Supervised learning using DL usually involves labeled data that may only sparsely represent any “concept” or category given the arbitrary category label. These types of classification tasks are often used to establish benchmarks with previously developed shared image databases in order to compare algorithm variations—for example, with the 60,000 images of CIFAR (Canadian Institute for Advanced Research), where there are 10 or 100 categories, making the exemplar sample space sparse, and as another example, a similar kind of diversity with ImageNet (14 million images; based on G. Miller's WordNet, although often used with a reduced sample of 1.28 million images). For CIFAR, the category structure in both labeled data sets (10,100) is diverse and sometimes appears at the basic level (e.g., “fish,” “man”) and sometimes as some unfamiliar subordinate level (“aquarium fish,” as opposed to, say, “goldfish”) and also cases containing mixed levels of reference.

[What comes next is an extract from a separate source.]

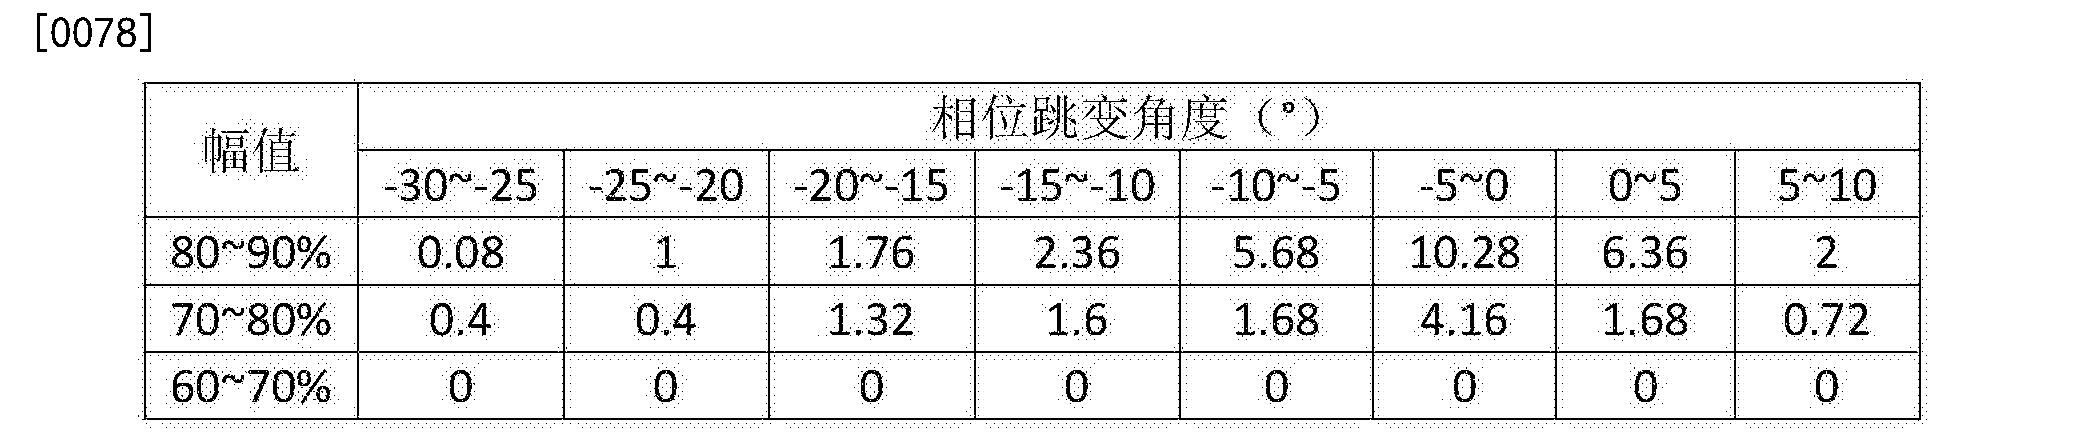 Figure CN105699848BD00102
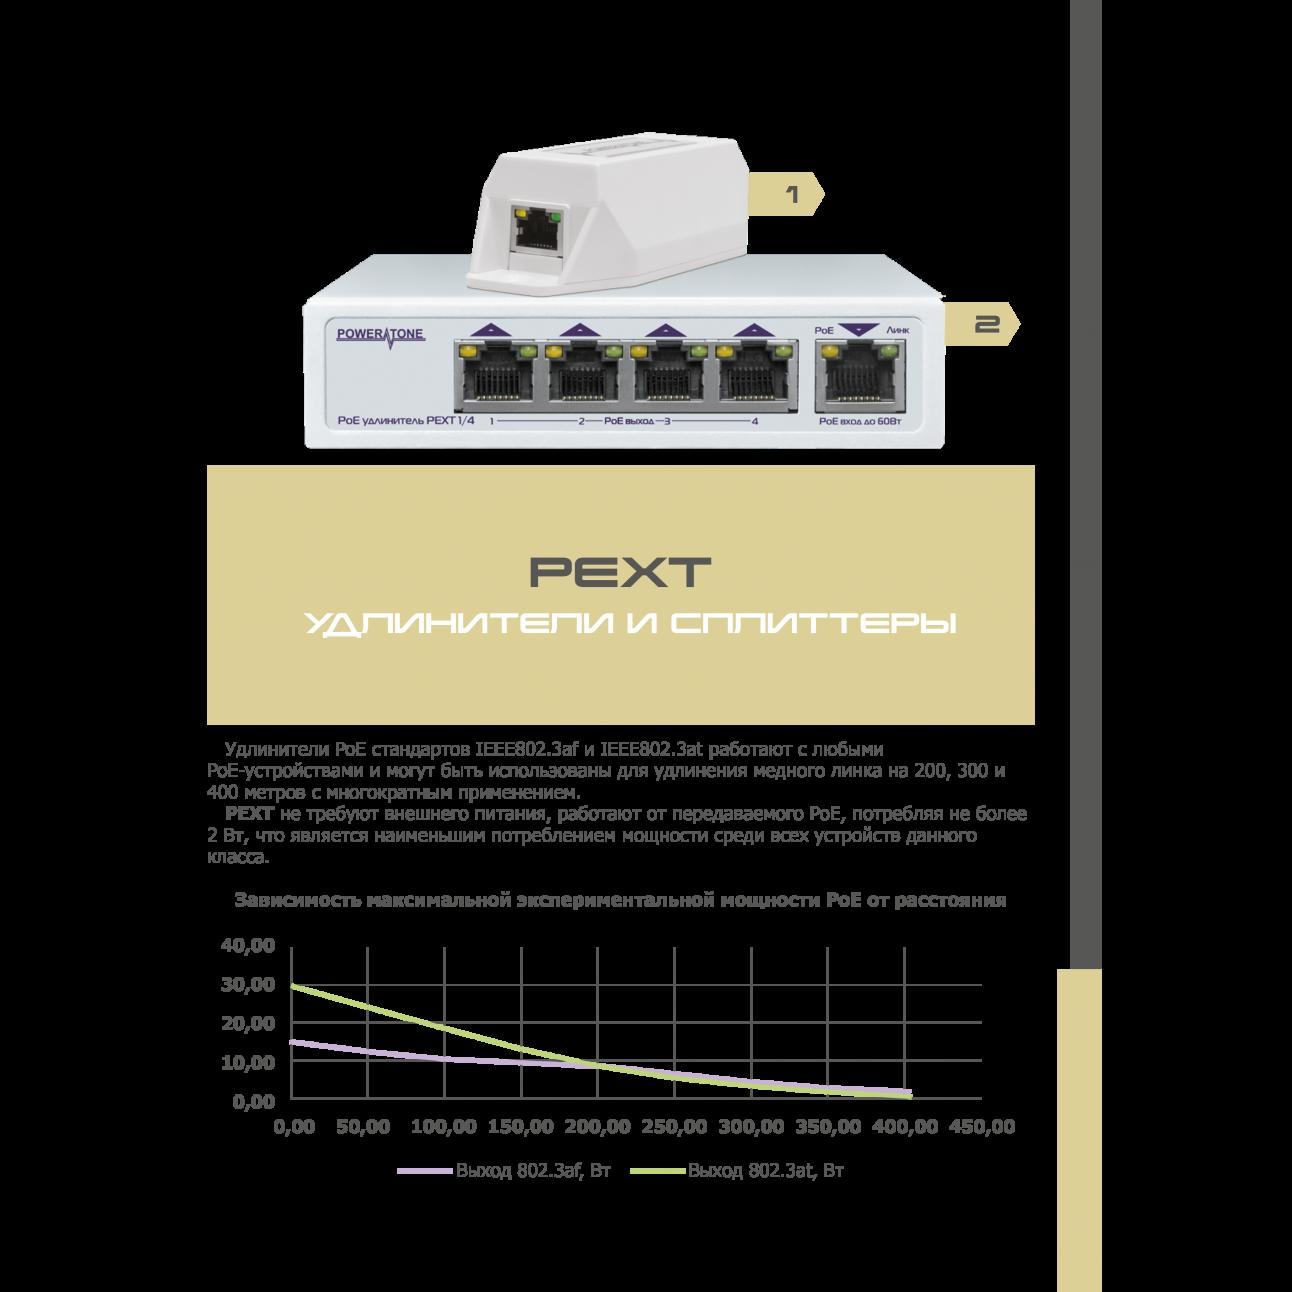 PoE коммутатор/удлинитель интерфейса Ethernet 10/100/1000Mbs PEXT 1/4. 4 PoE выхода, 1 PoE вход, совм. с 802.3af/at, до -40С (имеет потертости)

The other common category learning data set is ImageNet's Large-Scale Visual Recognition Challenge (ILSVRC)) subset, which contains around 1.28 million training images representing 1,000 categories. These categories also tend to be at both the basic and subordinate levels as well, with a focus on finely grained classification but across multiple levels of reference. Hence, in these typical benchmark data sets, there does not appear to be a common and consistent level of reference relative to human lexical knowledge or usage. This means that the concept space can be very sparsely covered, although there will be many exemplars clustered with large gaps throughout the feature hypercube, where the exemplars distribute. But, of course, having benchmark data sets that are consistent with human bias was not a primary goal or necessary for comparative tests of architectures or learning algorithms.

We introduce here a more ecologically valid human learning task that involves a smaller set of categories but with a dense set of exemplars per category, similar to the nearest kin and friends and famous individuals (e.g., actors, politicians) that a single individual might have. We term this the dense sample category task (DSC).

One such set is the Yale Face Dataset, where each face has no fewer than 500 exemplars per face (based on 5,760 images of 10 individuals, each under 9 poses and 64 different lighting conditions, for 576 cases). This makes the concept space very dense in a feature hypercube, since it involves a singular category, a single identity. Of course, there are categories with thousands of exemplars in CIFAR, but at a much coarser level and never with this kind of density per concept.

We randomly chose five faces (although human subjects can recognize more than 1,000 faces accurately), a tactic that might represent immediate family members in that the individual will have a constant and extensive exposure and can recognize them in many novel contexts. Thus, the goals of this study are to approximate the sample space of a typical human individual with a similar density and learning exposure and compare and contrast the feature construction in the hidden layers early and late in learning, as well as early and late topographically in the network, and analyze the dynamics of learning and characterize learning phases when features first crystallize, that is, when category formation first appears and determine whether learning is unitary or multifactorial.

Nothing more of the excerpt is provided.